Julie Holt and Adrienne Beck of the bureau presented updated evidence tied to the Lakeview (Kilgore) court findings and a set of current academic measures to the Education Committee on an adequacy study panel. Holt opened by recounting the Pulaski Chancery Court decision (Judge Kilgore, Feb. 2001) that was later affirmed as the Lakeview decision and said the court’s indicators included state test performance, educational‑attainment measures and financial data. Holt and Beck cautioned that changes in tests and accountability systems over the past three decades limit direct score comparisons across eras.
Holt traced Arkansas testing history from the ACTAP benchmark era through PARCC and a later move to ACT Aspire, and said participation changes—especially the expansion to universal ACT testing—affect state averages. She summarized long‑run, census‑based indicators: Arkansas remains below national averages in bachelor’s and graduate degree shares (bachelor’s ~25.3% vs. national ~35%; graduate/professional ~9.4%), while median household income and teacher salary rankings have improved modestly but remain below national medians.
Beck then presented 2022 NAEP results and recent statewide test measures. Key figures cited included 2022 NAEP proficiency for Arkansas fourth‑grade math (28% at or above proficient vs. 35% nationally) and fourth‑grade reading (30% vs. 32% nationally). On the ACT (class of 2023 eleventh graders), the statewide composite was reported near 18.2 (subject ranges roughly 17.6–18.6) with about 12% meeting all four college‑readiness benchmarks; bureau staff noted participation rates matter when comparing across states. Beck explained that ACT Aspire (grades 3–10) measures will be superseded by ATLAS and described two principal measures used for adequacy reporting: percent of students scoring “ready or exceeding” and a value‑added growth score where 80 is on target.
Bureau staff highlighted subgroup findings: ELL, NSL (National School Lunch), ALE, and students with disabilities show lower readiness percentages—examples included ALE students at roughly 5% ready in math and 9% in ELA, ELL students about 7% ready in ELA and 14% in math in 2023, and students with disabilities roughly 6% (ELA) and 10% (math) ready in 2023—while growth scores for many groups hovered near the 80 on‑target benchmark. The 4‑year graduation rate was cited at 89% in 2023 (compared with a national average cited from NCES of 87% in the latest available national data).

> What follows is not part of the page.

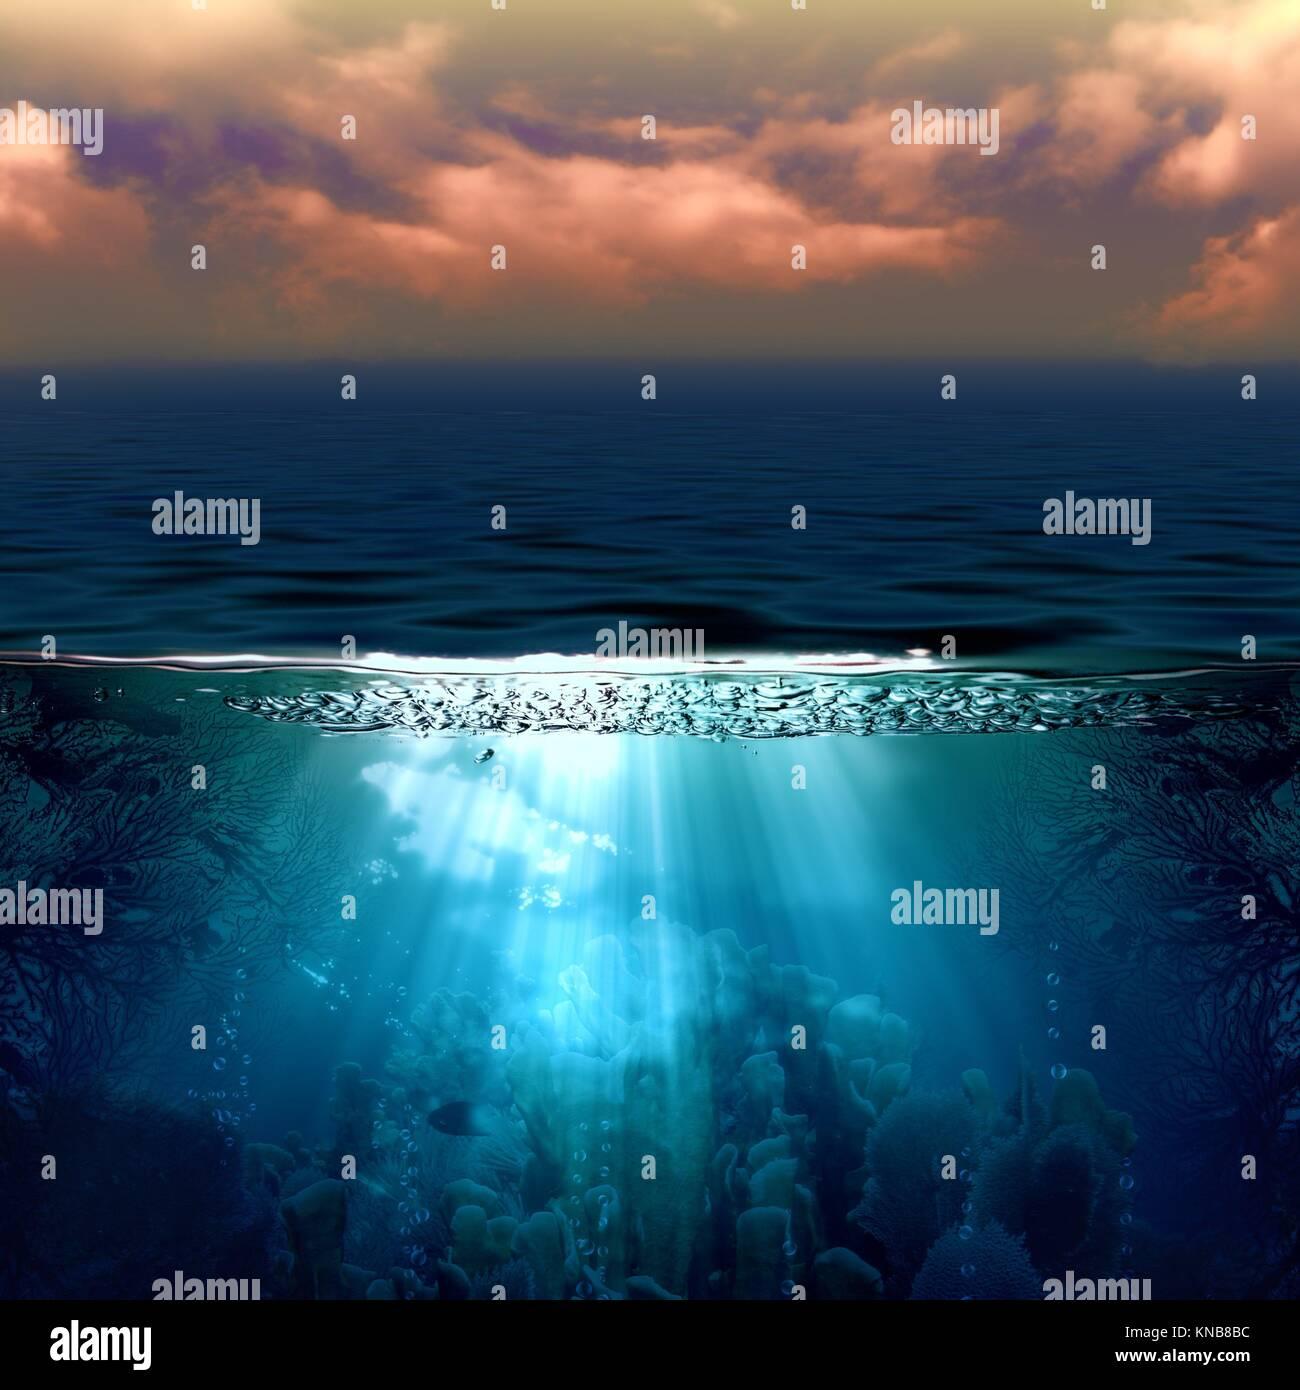 Abstract sfondi marini con sun beam e paesaggio sottomarino. Immagini Stock

Committee members asked for additional context and follow‑up data. Questions included: the cost‑of‑living index used for interstate income comparisons (Holt said her team uses the Missouri‑produced index and would provide specifics), whether NAEP and state trend patterns represent longitudinal cohorts or snapshots (staff said many displays are snapshots but the department can provide more detailed cohort analyses), how ALE programs are monitored and compared across states, and whether ACT/college‑readiness figures correlate with actual remediation rates in higher education (staff said longitudinal tracking from K–12 to higher education is not available in their datasets but could be pursued through other agencies). Staff committed to email exhibits and follow up on specific indices and cross‑state program comparisons.